The triumph of Giorgia Meloni, as the first woman to lead a winning party in the macho world of Italian politics, is not a moment to celebrate for much of centrist Europeanism.
The prime minister, who comes to power precisely a century after her fascist ancestor, Benito Mussolini, of whom she is declared an admirer, tips the scales to the extreme right as the main current in the EU: the new Italian government will be a coalition led by Meloni’s Brothers of Italy party, together with Matteo Salvinim’s anti-immigrant League, and Silvio Berlusconi’s Forza Italia.
Plants. For years, Giorgia Meloni has criticized Italy’s migration policies, calling them too lenient and risking turning the country into “Europe’s refugee camp.”
Now as Prime Minister of Italy, migration is presented as one of the areas where Meloni can very easily bring about radical change. “The approach is: you come to my house according to my rules,” Meloni marked an interview with The Washington Post in early September. Her proposal aims to significantly close the doors for undocumented immigrants.

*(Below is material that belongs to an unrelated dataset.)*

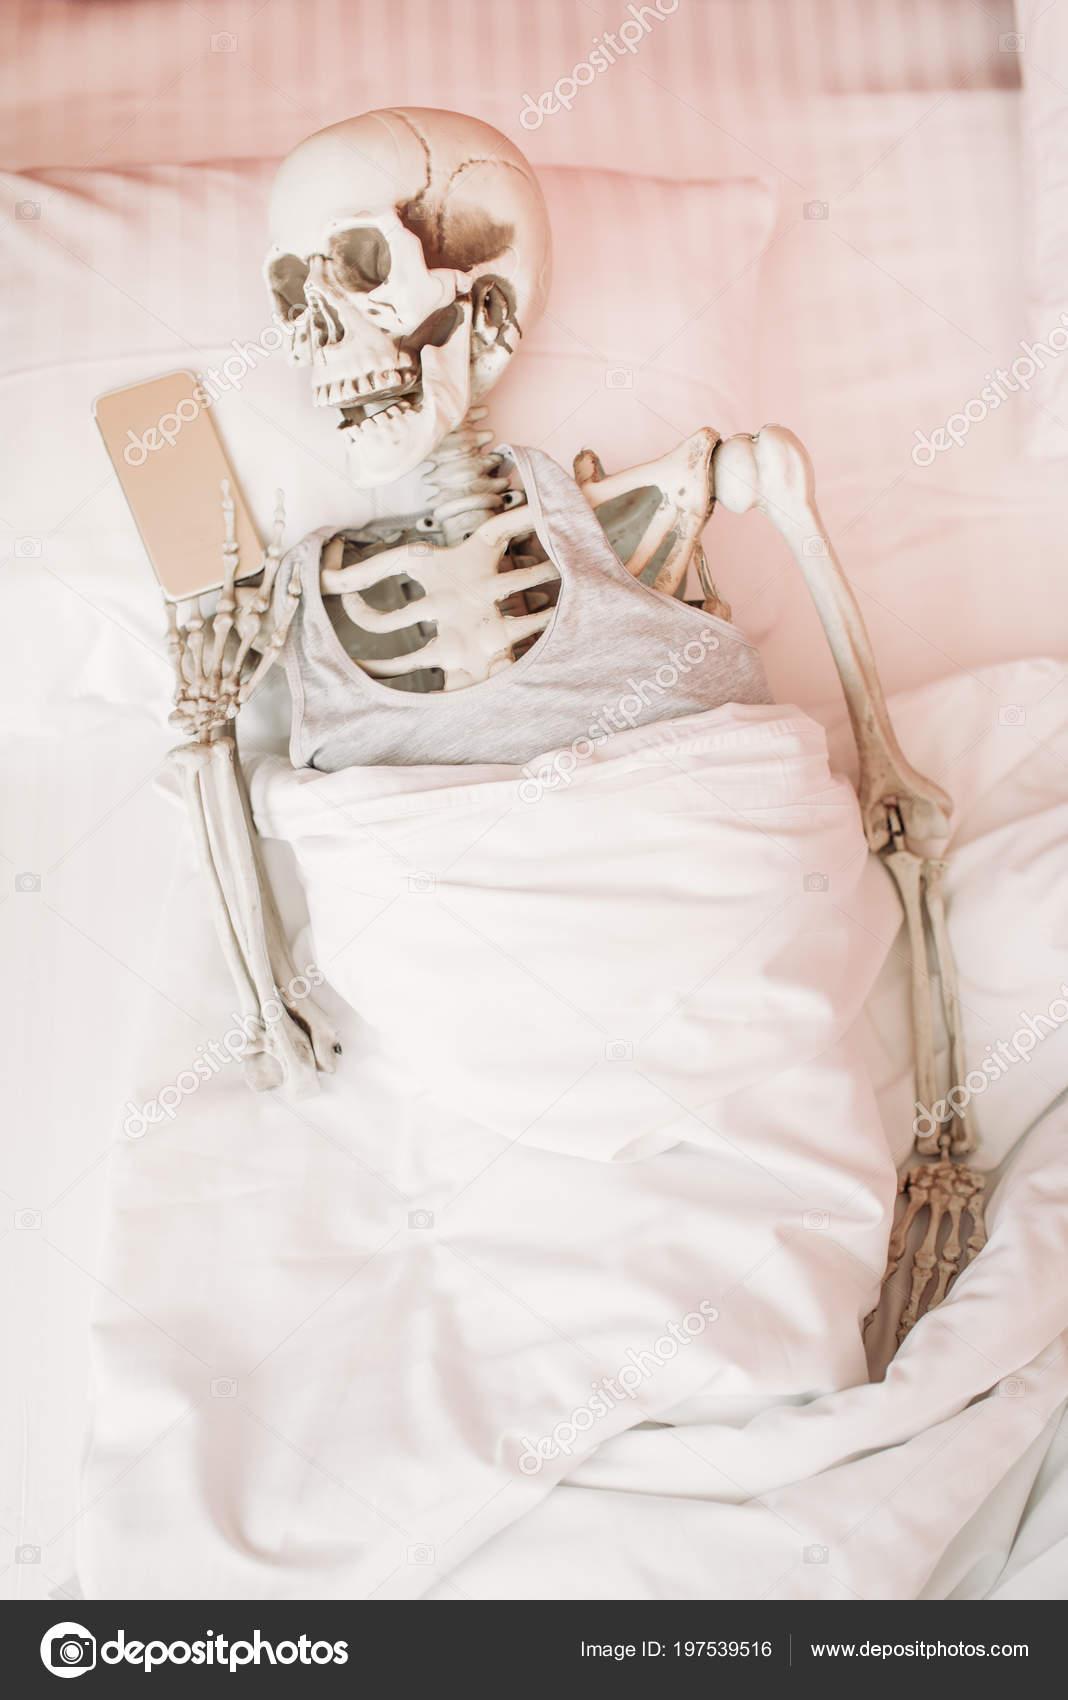 Esqueleto Humano Con Teléfono Móvil Mano Tumbado Cama Divertida ...

While in other areas, such as spending and foreign policy, Meloni would be more constrained by the EU, Italy has room to manage its own borders, and she has long made it clear that stopping flows across the Mediterranean is a of your priorities. Efforts to block humanitarian rescue ships from docking in Italian ports could spark ripples in other Mediterranean countries like Spain: it already happened three years ago when Italy was briefly run by a populist anti-immigration government.
What is certain is that he has fractured a containment network in European politics by bringing to power a party with roots in neo-fascism – in a founding country of the EU, moreover – for the first time since World War II.

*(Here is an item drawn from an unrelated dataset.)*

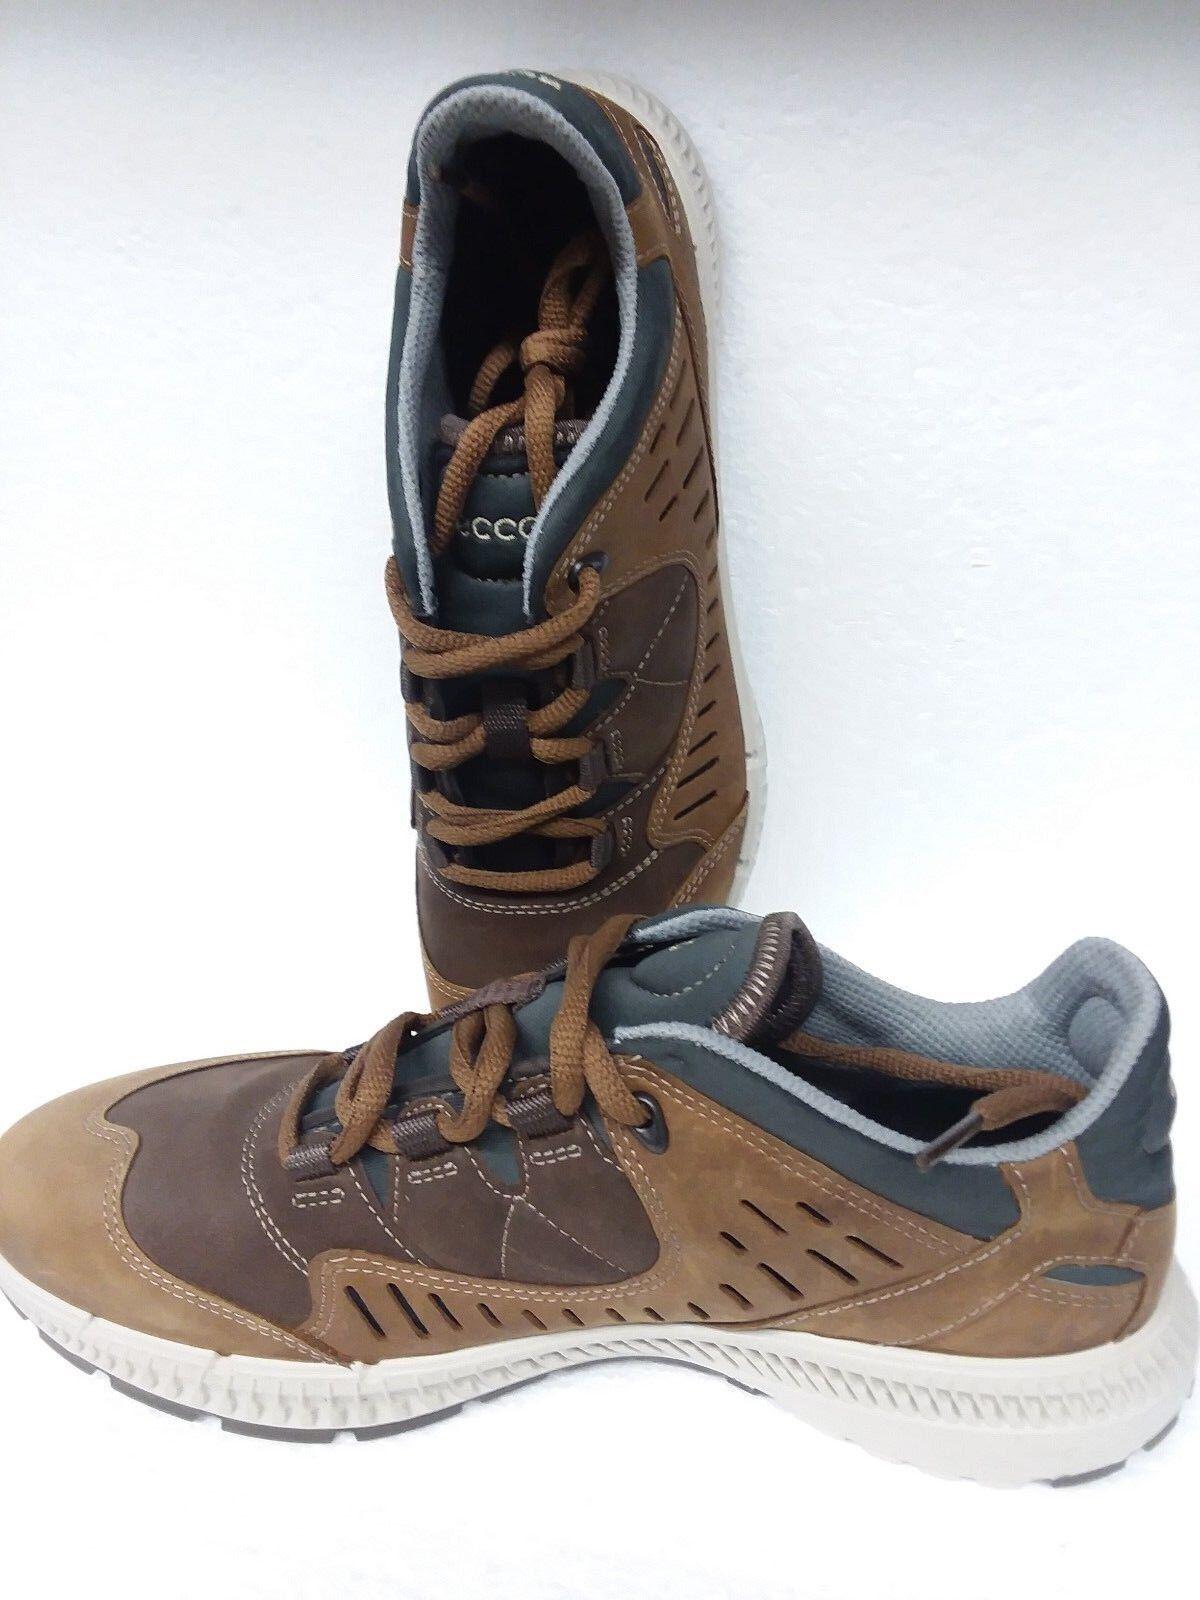 Ecco Terrawalk, CAMEL COCOA BROWN, Size; 6-6.5

And following the rise of the far-right Democrats in Sweden this month, the question is where will European extremism’s next move be? Vox, the third largest political party in Spain, anchored in the most radical right, entered a regional government for the first time in March, and celebrated Meloni’s triumph as its own: they hope that their success paves the way for a greater power in the next elections. A leap to the right that is experienced throughout the Iberian Peninsula: in Portugal, the right-wing party Chega (Basta) won 12 seats in the elections in January this year, compared to only 1 seat in 2019.

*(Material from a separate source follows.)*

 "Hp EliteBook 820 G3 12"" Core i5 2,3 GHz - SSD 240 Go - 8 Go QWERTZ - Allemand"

Trend. Divisive leaders are gaining ground amid challenges posed by immigration, rising poverty, falling birth rates, the climate emergency, deindustrialization, and youth unemployment.
Meloni will unite the discontent in southern Europe with the eastern flank of the EU. The leader of the European Conservative and Reform Party since 2020, she supported Hungarian Prime Minister Viktor Orban and voted against a motion in the European Parliament to declare Hungary an “electoral autocracy.”
In general terms, his victory also increases the risk of having a destabilizing effect on the heart of Europe: France. Emmanuel Macron lost his parliamentary majority earlier this year. And mainstreaming extreme politics lends itself as much to Marine Le Pen and her national front as it does to Jean-Luc Melenchon’s far-left Nupes (Nouvelle Union Populaire Ecologique et Sociale) party.
Far-right French politician Eric Zemmour meanwhile seized on Meloni’s victory to claim that his strategy of “uniting” right-wing parties could also be beneficial for France.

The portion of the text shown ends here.